Приехал в Париж Рахманинов и начал репетиции как дирижер и пианист. Репетицией кантаты «Весна» остался доволен, особенно Федором Шаляпиным. Холодность первой встречи после размолвки куда-то улетучивалась незаметно для давних друзей. Сначала обменивались сухими репликами двух знакомых людей, занятых общим делом, потом лед растаял, Шаляпин был в прекрасной форме и ничуть не жалел себя при исполнении кантаты, после репетиции вышли вместе и, позабыв размолвку, заговорили как старые друзья.
– Редко встречаемся, Федор, раскидало нас по всему свету, никак не соберемся поговорить. Только читаю о тебе и твоем постоянном триумфе, да и в театре редко стал видеть тебя. Как твои успехи? Как твои дела?
– Резко закручивает меня жизнь, Сергей. Кручусь, как штопор в пробке. Монте-Карло, Берлин, вот и Париж, а потом Горький зовет на Капри, все расписано чуть ли не по дням. А ты? Как в Дрездене устроился, говорили, что ты уже второй год там?
– Да, мы решили года три пожить в Дрездене, а с мая по сентябрь жить в Ивановке, пора всерьез заняться творческой работой, а то два года молчал, что-то накопилось, хочется излить душу. В Дрездене я снял целый дом среди сада, целых шесть комнат, три внизу, три наверху, я один внизу, и могу жить совсем барином, могу спокойно работать, выходить в сад, бродить по дому. Не дом, а просто прелесть. Но подожди с этим, ты мне расскажи, что тут творится, никак не пойму: то репетицию назначают в одном месте, то в другом, совсем неподходящем помещении.
– А бывали репетиции и в фойе театра «Шатле», так что ты с этим смирись. Всюду нужно платить деньги, а денег не хватает, хотя сборы первых концертов были полные и билеты дорогие.
– А сколько французы платят за русскую музыку?
– Они молодцы, платят много и слушают хорошо. Кресло – 20 франков, партер – 14, место в ложах третьего яруса – 8 франков, цены местам высокие, но театр был полон. Первый концерт не дали закончить, оставалась «Камаринская», а перед этим я выступал в роли Галицкого…
– Слышал, рассказывали мне о твоем триумфе. Поздравляю!
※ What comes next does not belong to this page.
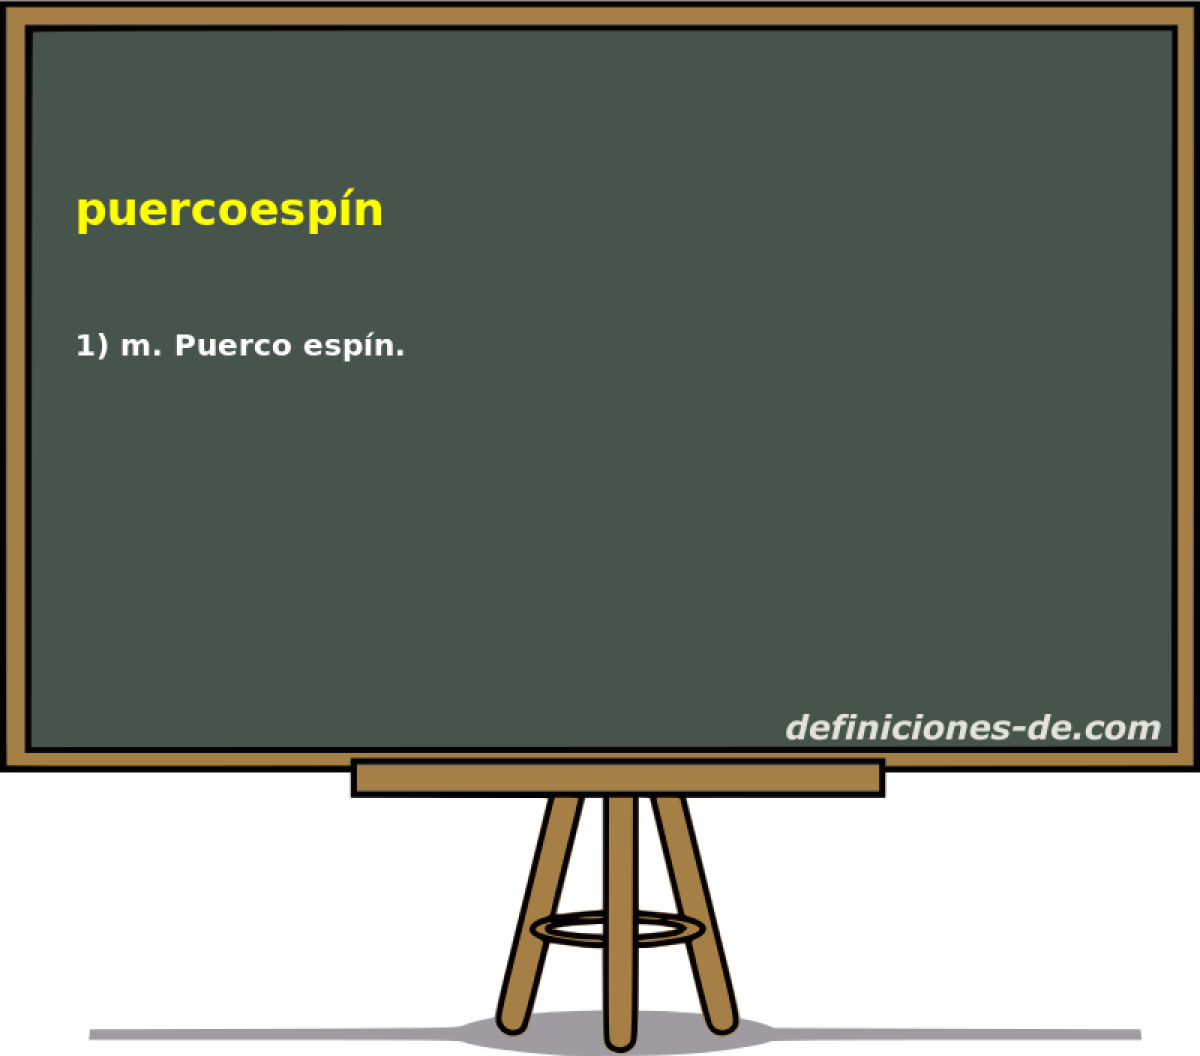 puercoespn 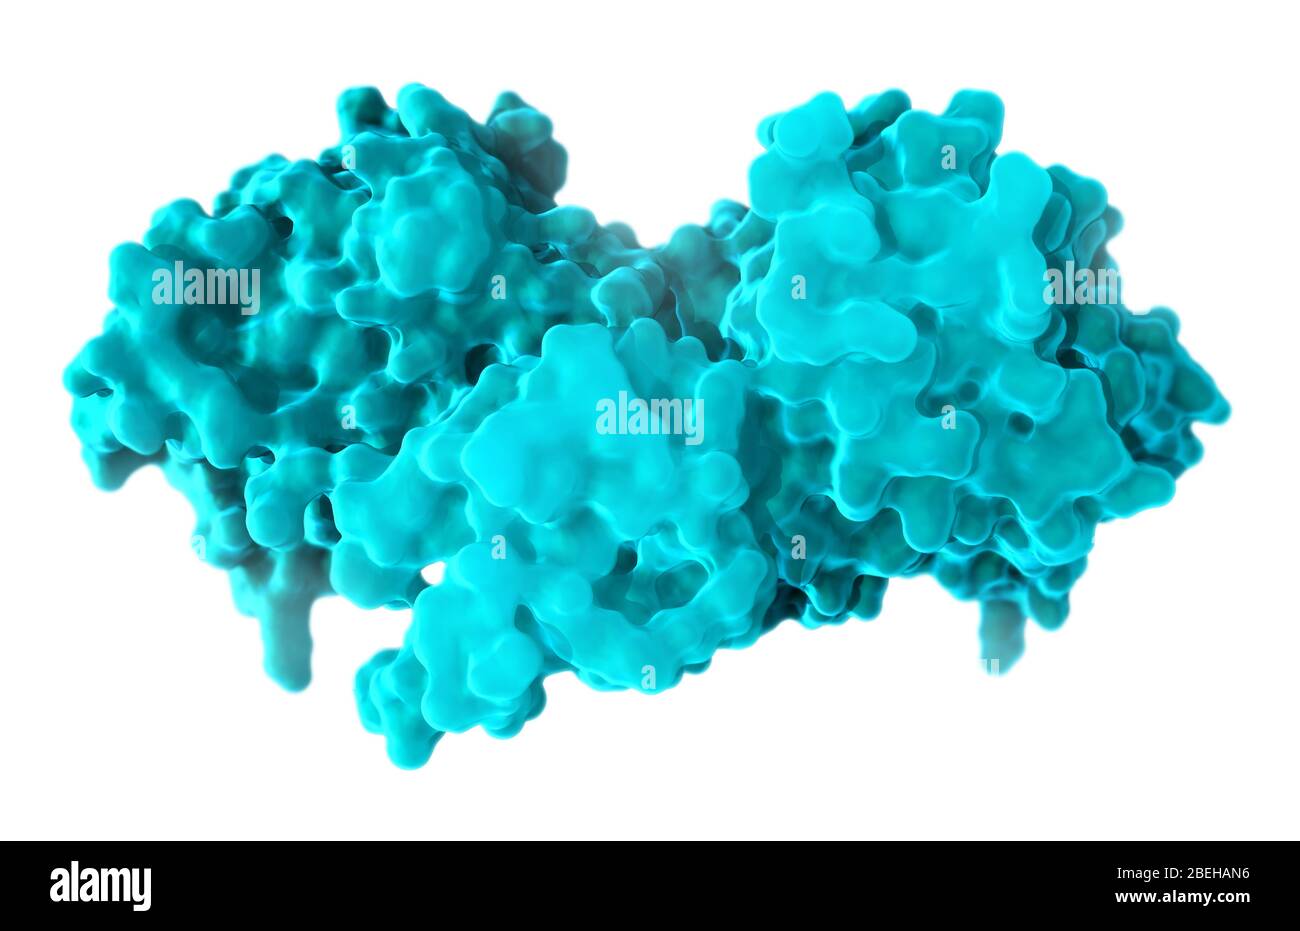 B-Raf Protein, Molecular Model Stock Photo

– А я не успел тебя поздравить с Глинкинской премией за кантату «Весна», от души поздравляю. А над чем ты сейчас работаешь? Зилоти говорил, что ты за лето много романсов написал? Показал бы, может, и мне что-то подойдет…
– Над чем работаю? Трудно ответить, Федор. Работаю много… И количеством труда я мог похвастаться, но не количеством сделанного и особенно качеством завершенного. Работаю тихо, спокойно, вроде бы удалился от хлопот и дрязг, с ними связанных, что-то возникает на нотной бумаге, проигрывая на рояле, поправляю. Хорошо, думаю, так вот жить в чистом, уютном городе, дороговато, но как-нибудь сведем концы с концами, никуда не стремлюсь, и ничего не желаю больше, и никому не завидую. Город мне очень нравится, народ же преантипатичный и грубый, кругом одни только мошенники. Или так уж мне повезло на них, только на них и натыкаюсь. Один хозяин мебельного магазина на меня в суд подал, а на мебельного фабриканта я сам в суд подавал. Но все эти пустяки, дрязги – ничто по сравнению с покоем и тишиной, которые меня окружали каждый день, предоставляя возможность работать.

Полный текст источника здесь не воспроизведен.